Studio album by Dread Zeppelin
- Released: 1996
- Length: 50:53
- Label: Imago
- Producer: Robert Incorvia, Dread Zeppelin

Dread Zeppelin chronology
| The First No-Elvis (1995) | The Fun Sessions (1996) | Front Yard Bar*B*Que (1996) |

= The Fun Sessions =

The Fun Sessions is the 8th studio album by Dread Zeppelin, and the first made with Imago Records. It is described as “Tortelvis sings the classics”, where “classics” are songs from the late-1960s and early-1970s particularly loved by the band. The album title is a wordplay on Elvis's The Sun Sessions.
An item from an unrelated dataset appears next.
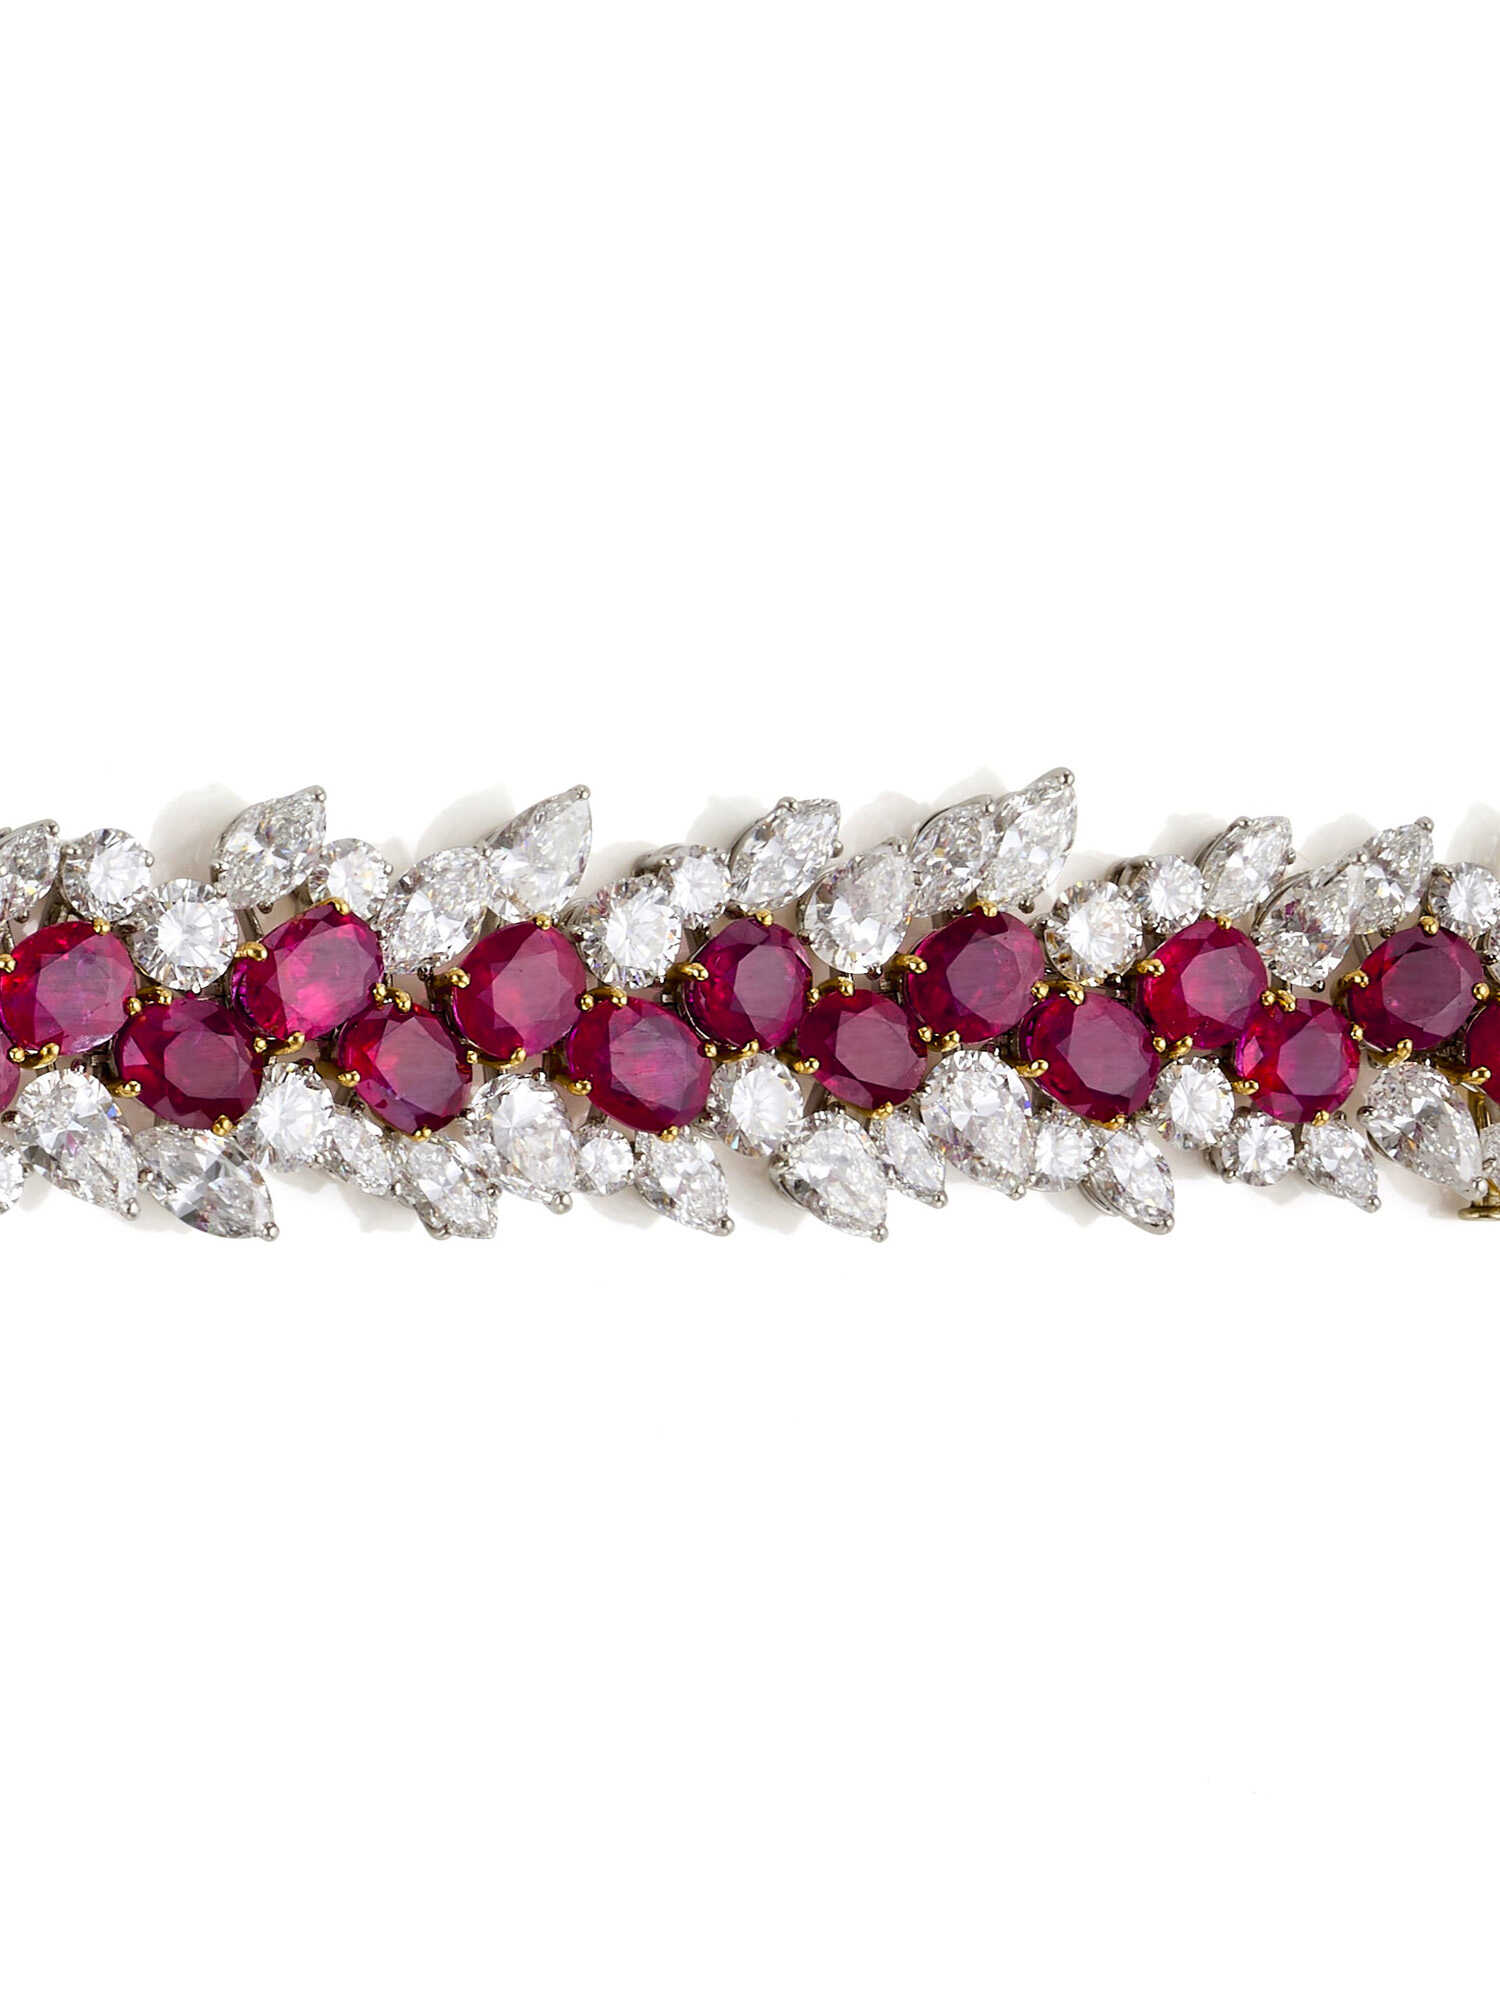 BULGARI | Ruby, diamond, yellow gold and platinum bracelet, rubies in all ct. 45.00 circa, diamonds in all ct. 33.30 circa, g 69.22 circa, length cm 18.0 circa. Signed Bvlgari. In Bvlgari pouch | | Appended gemmological report SSEF n. 137096 21/03/2
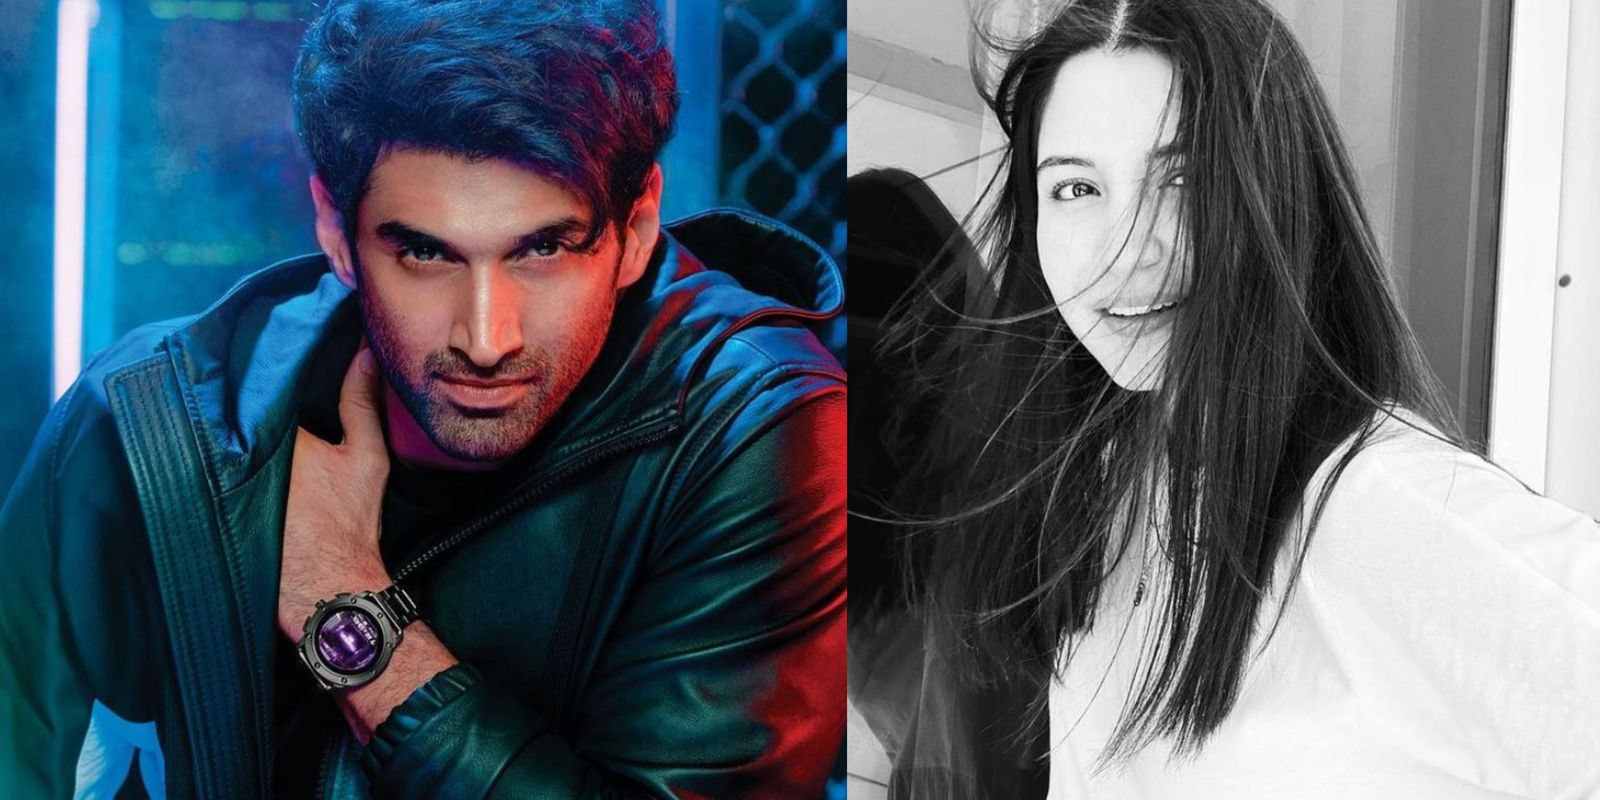 Aditya Roy Kapur Roped In For Yet Another Action Film Titled Afghan, Anushka Sharma To Produce It?

This album brings the band away from Led Zeppelin covers, like they did with It's Not Unusual, which was criticized by many fans because of its disco style and Tortelvis was not singing on it.
At the time of release, Dread Zeppelin had covered most of Led Zeppelin's successful songs; they have now produced more albums than the band they mostly cover.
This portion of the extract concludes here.